▸ **Records shown**
- - - -

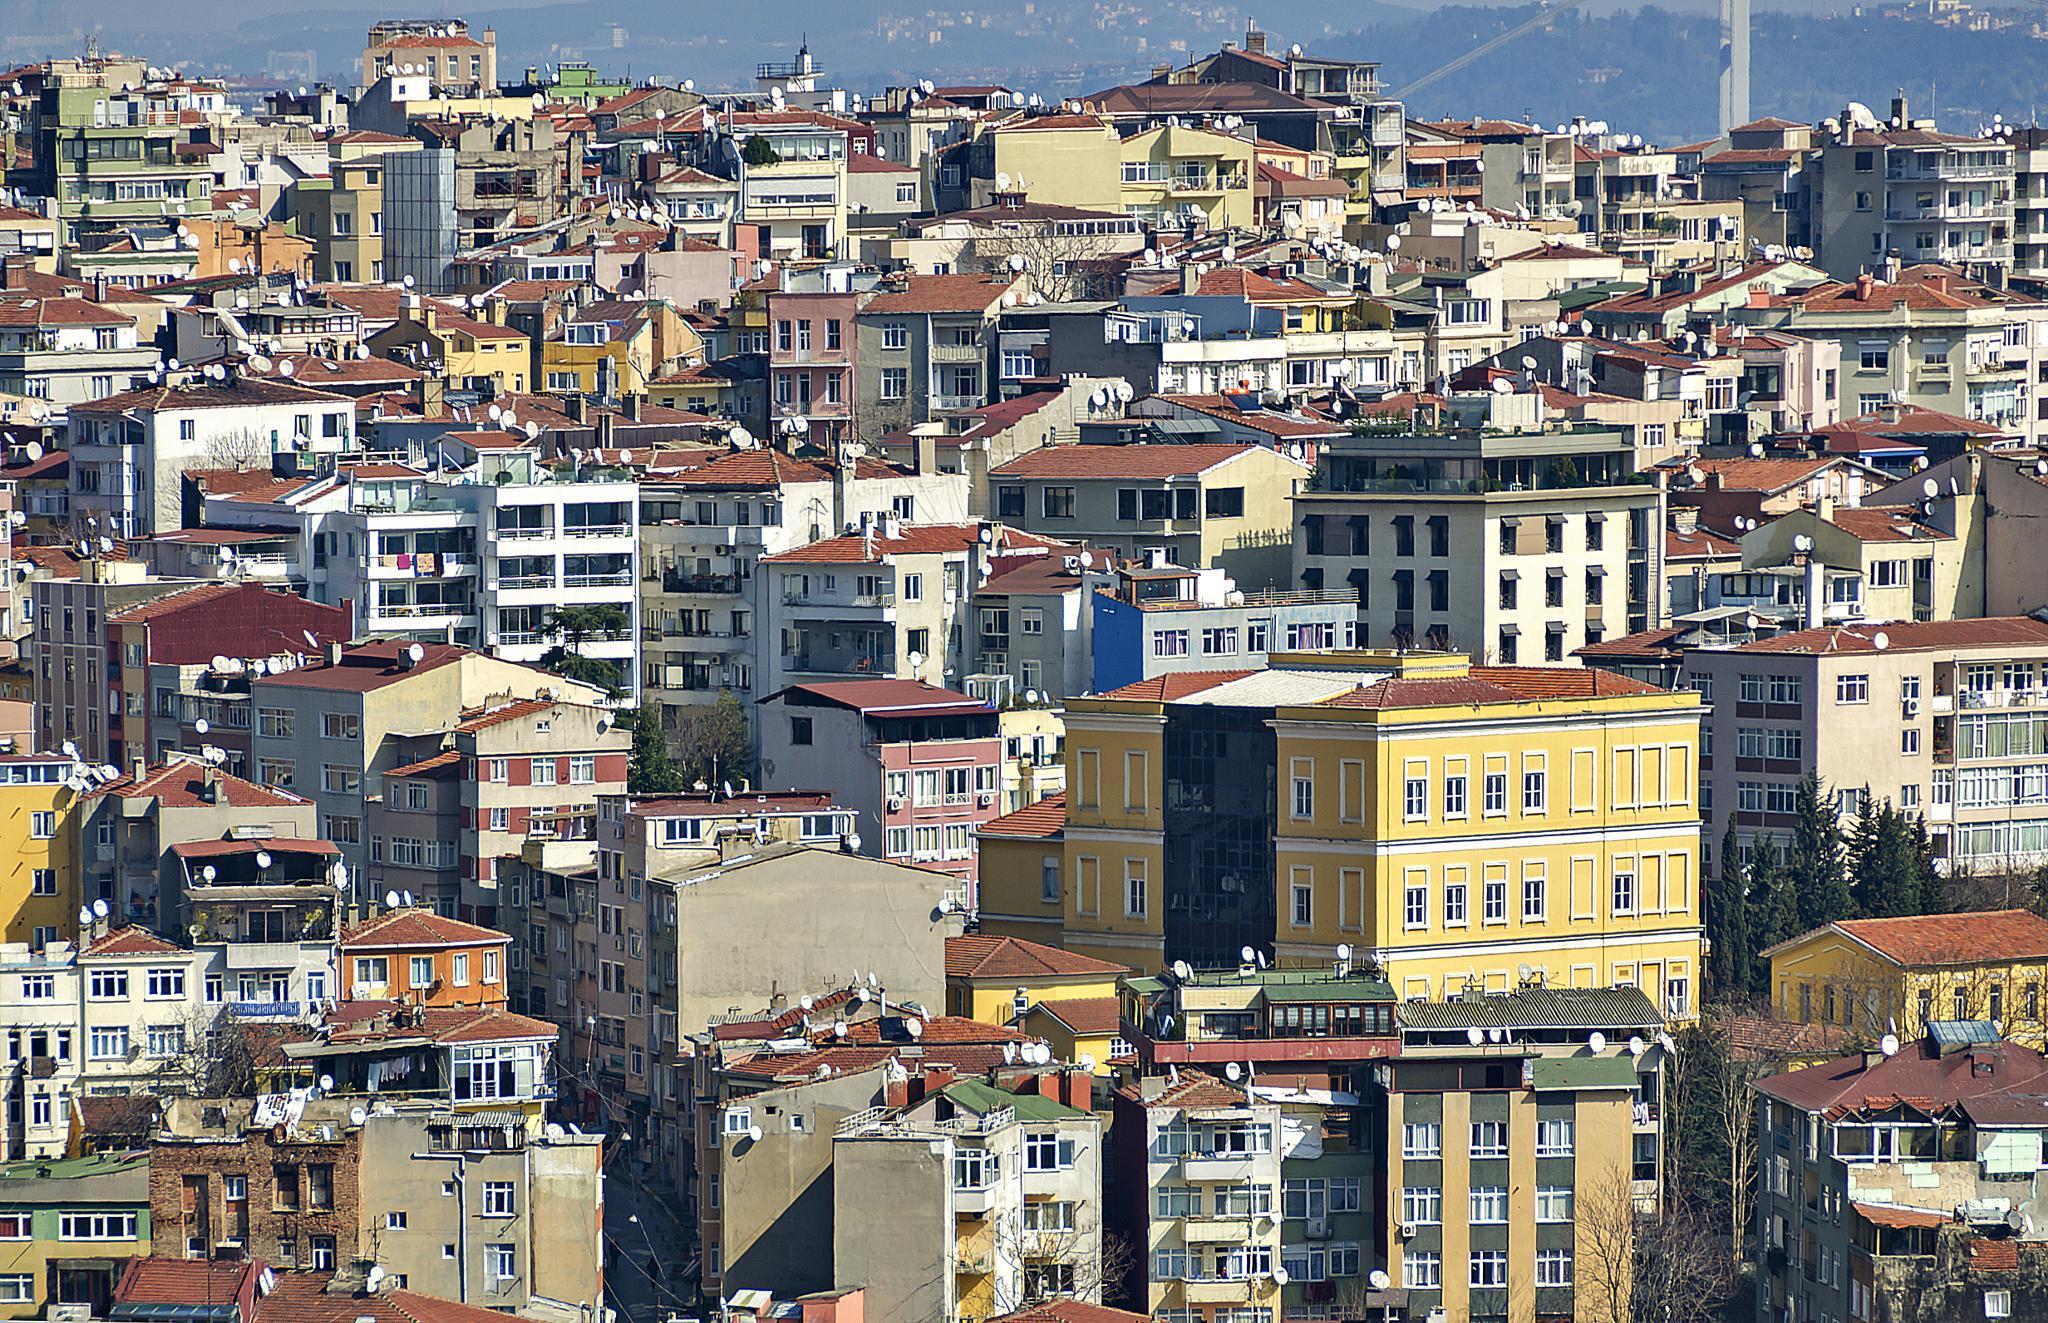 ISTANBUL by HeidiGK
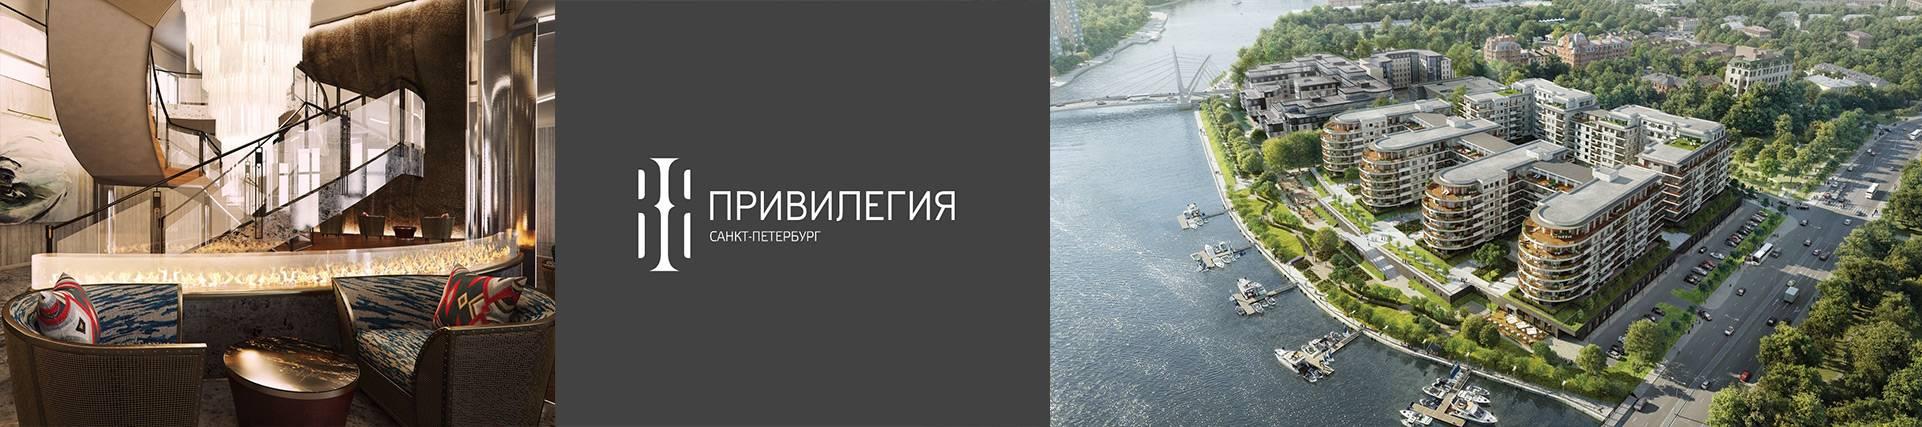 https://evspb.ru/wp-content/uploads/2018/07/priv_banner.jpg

- - - -

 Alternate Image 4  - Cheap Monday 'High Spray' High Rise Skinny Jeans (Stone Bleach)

- - - -

▸ **What the task requires**
Starting at the line above that contains "ISTANBUL by HeidiGK", transcribe every line exactly through the line that contains "https://evspb.ru/wp-content/uploads/2018/07/priv_banner.jpg", including that last one, and skip the pictures.

▸ **Solution for this task**
 ISTANBUL by HeidiGK
 https://evspb.ru/wp-content/uploads/2018/07/priv_banner.jpg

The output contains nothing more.